_ASSIGNMENT_.
Nothing outside the range below should be printed. Output exactly the lines from the line with "Raven Steamer at" to the line with "Prada SS22 Velvet", both included.
-- DATA SUPPLIED follows --
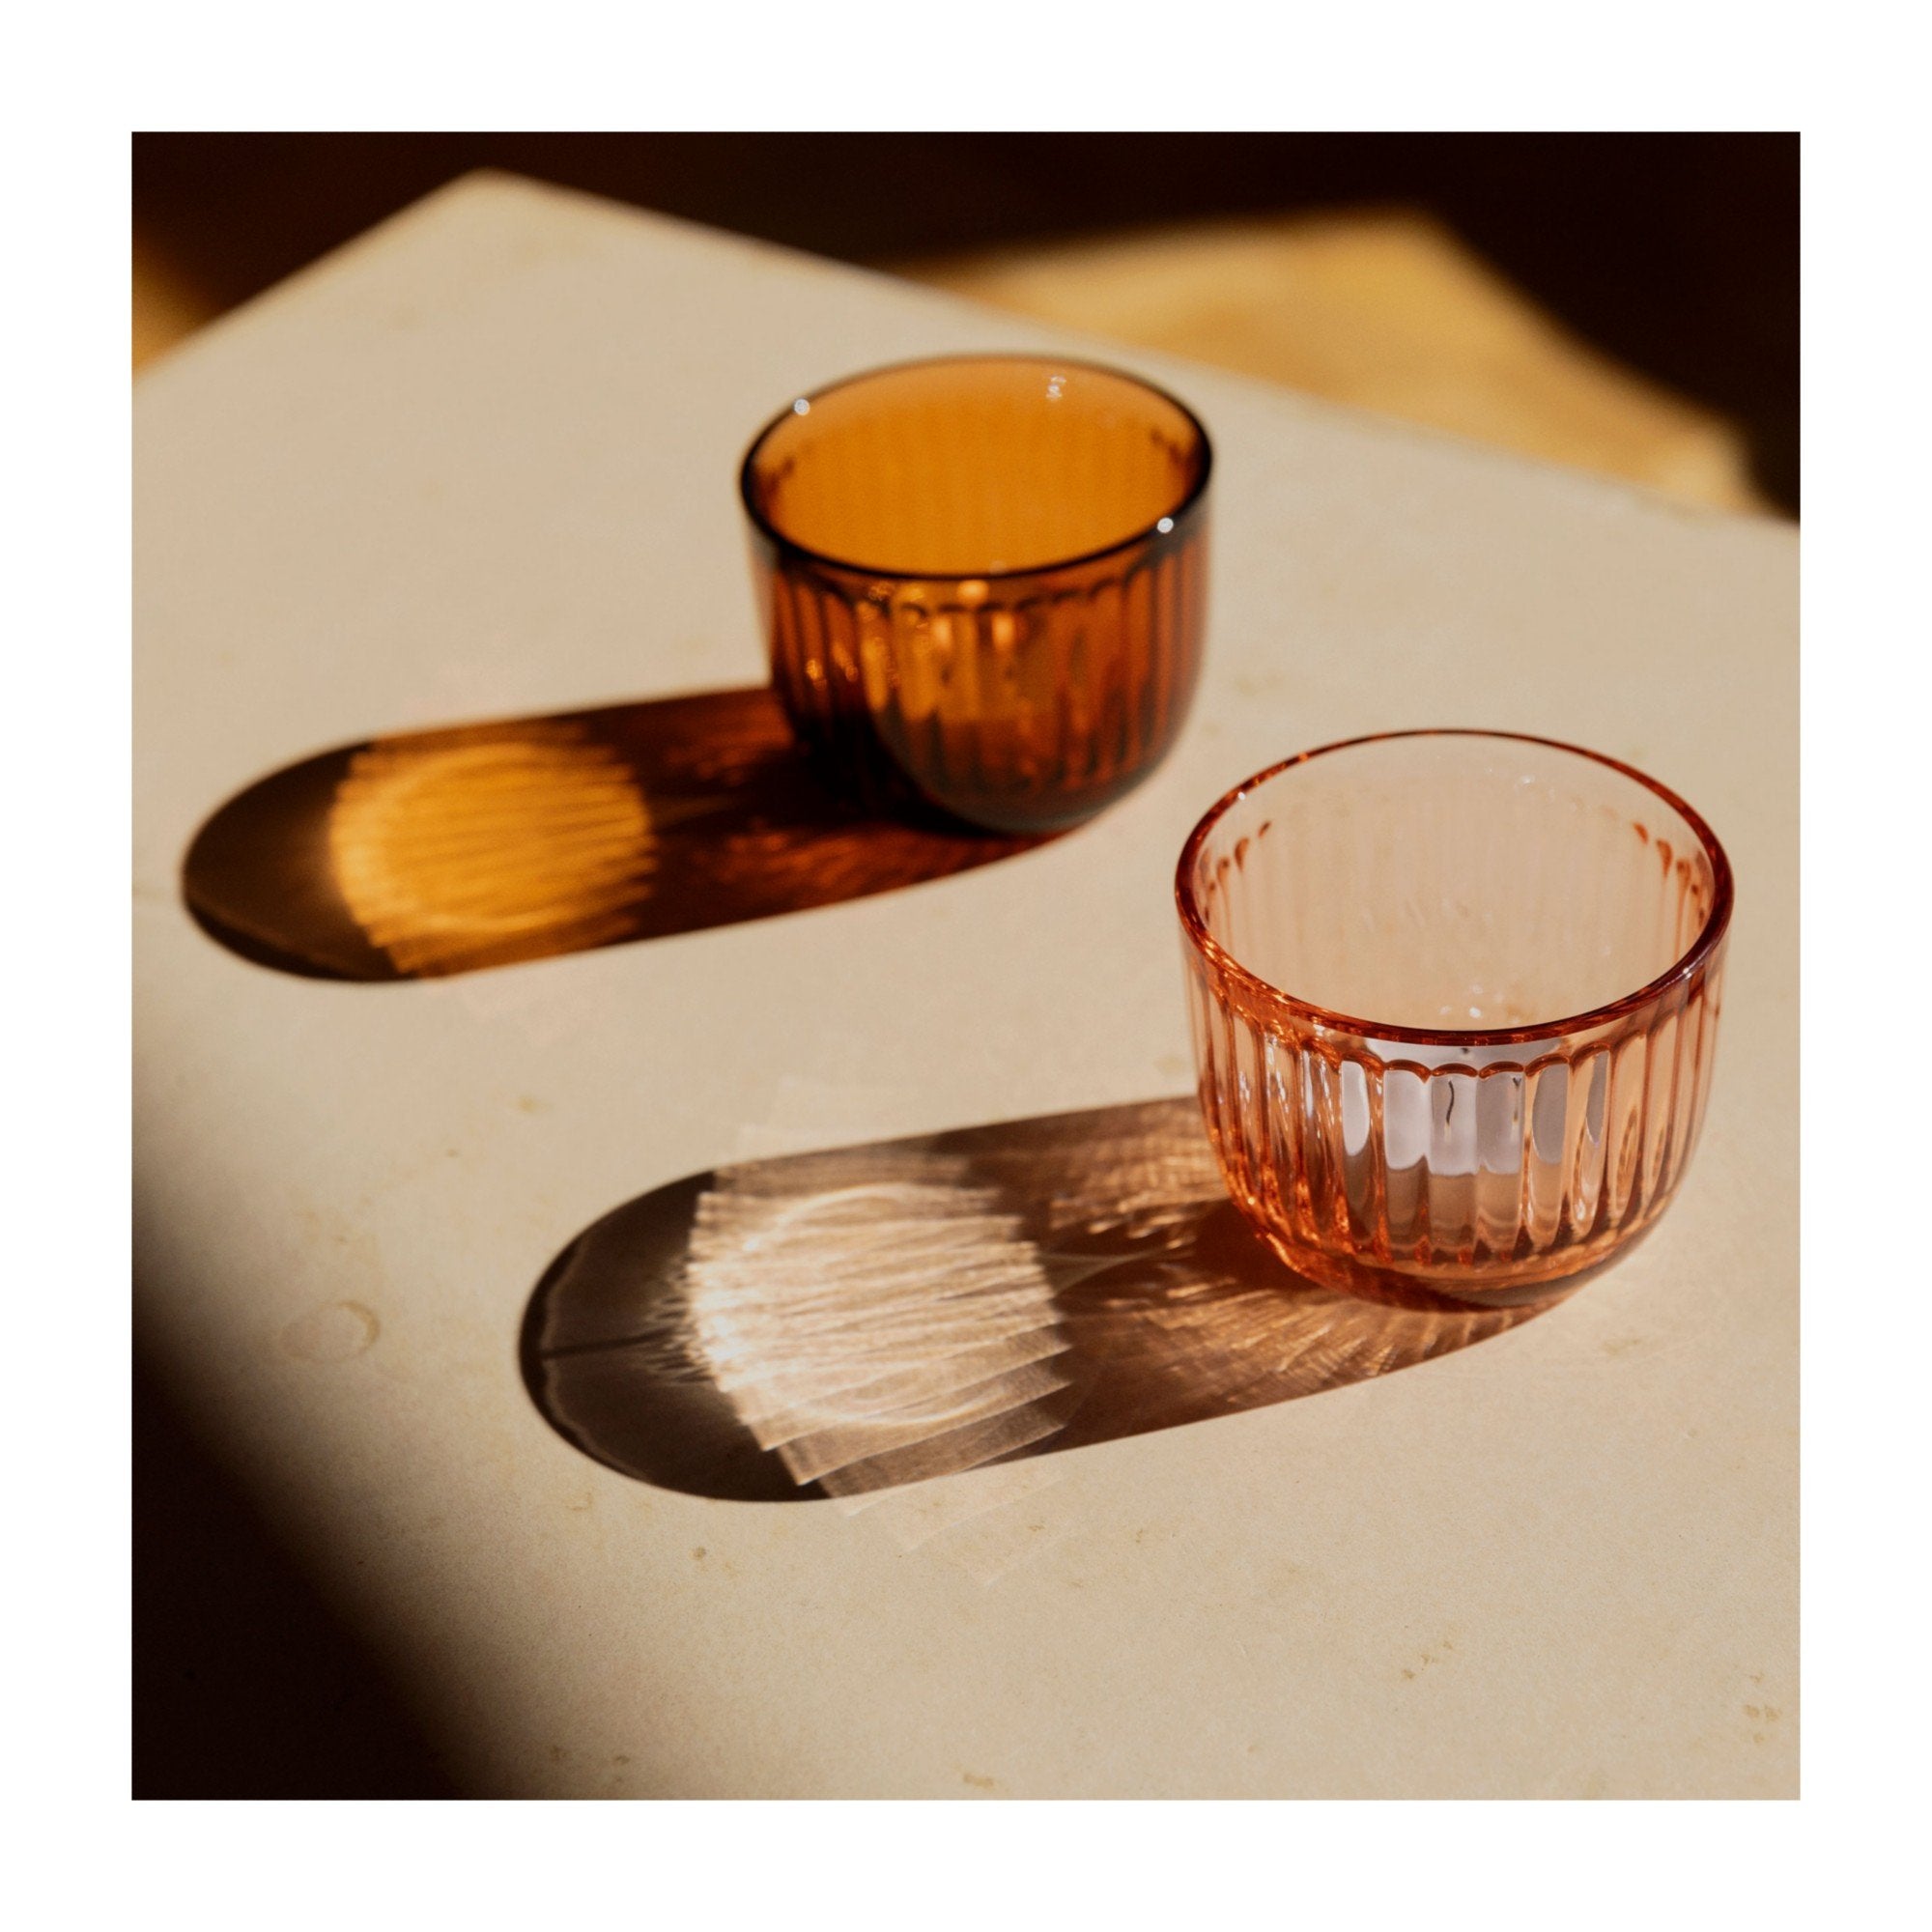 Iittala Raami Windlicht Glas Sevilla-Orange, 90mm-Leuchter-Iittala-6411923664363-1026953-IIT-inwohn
-- DATA SUPPLIED concluded --
-- DATA SUPPLIED follows --
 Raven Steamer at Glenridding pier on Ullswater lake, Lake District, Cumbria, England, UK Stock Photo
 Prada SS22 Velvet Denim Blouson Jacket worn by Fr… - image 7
-- DATA SUPPLIED concluded --
-- DATA SUPPLIED follows --
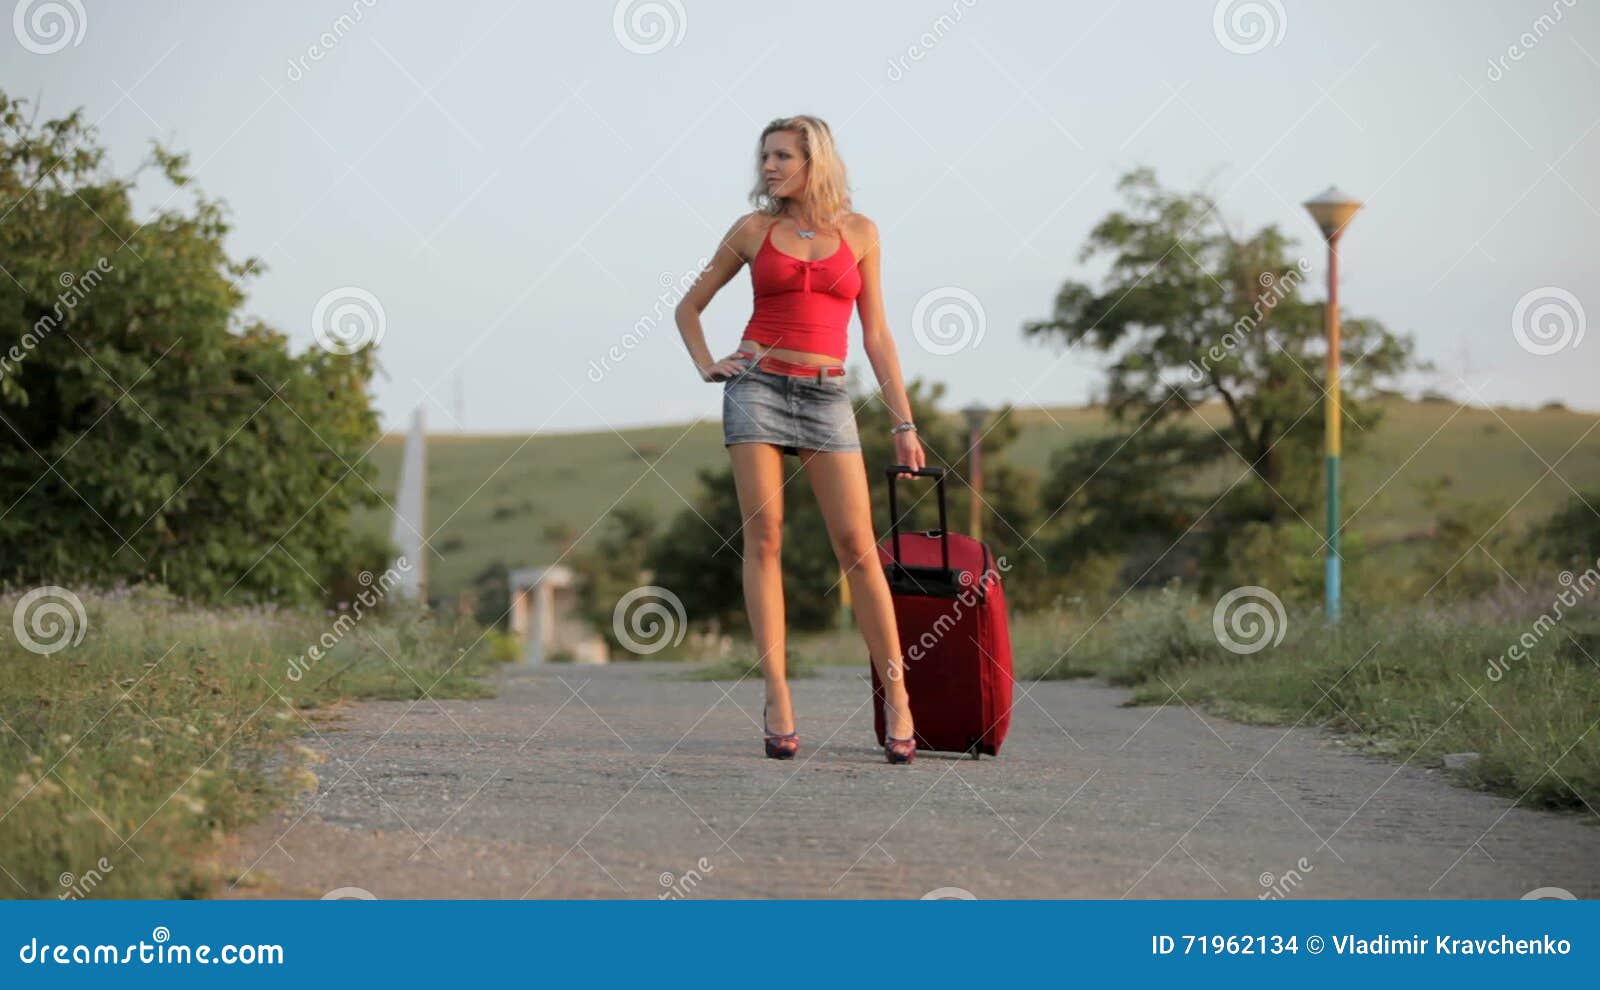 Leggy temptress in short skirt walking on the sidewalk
-- DATA SUPPLIED concluded --
_ANSWER TO THE PROBLEM_.
 Raven Steamer at Glenridding pier on Ullswater lake, Lake District, Cumbria, England, UK Stock Photo
 Prada SS22 Velvet Denim Blouson Jacket worn by Fr… - image 7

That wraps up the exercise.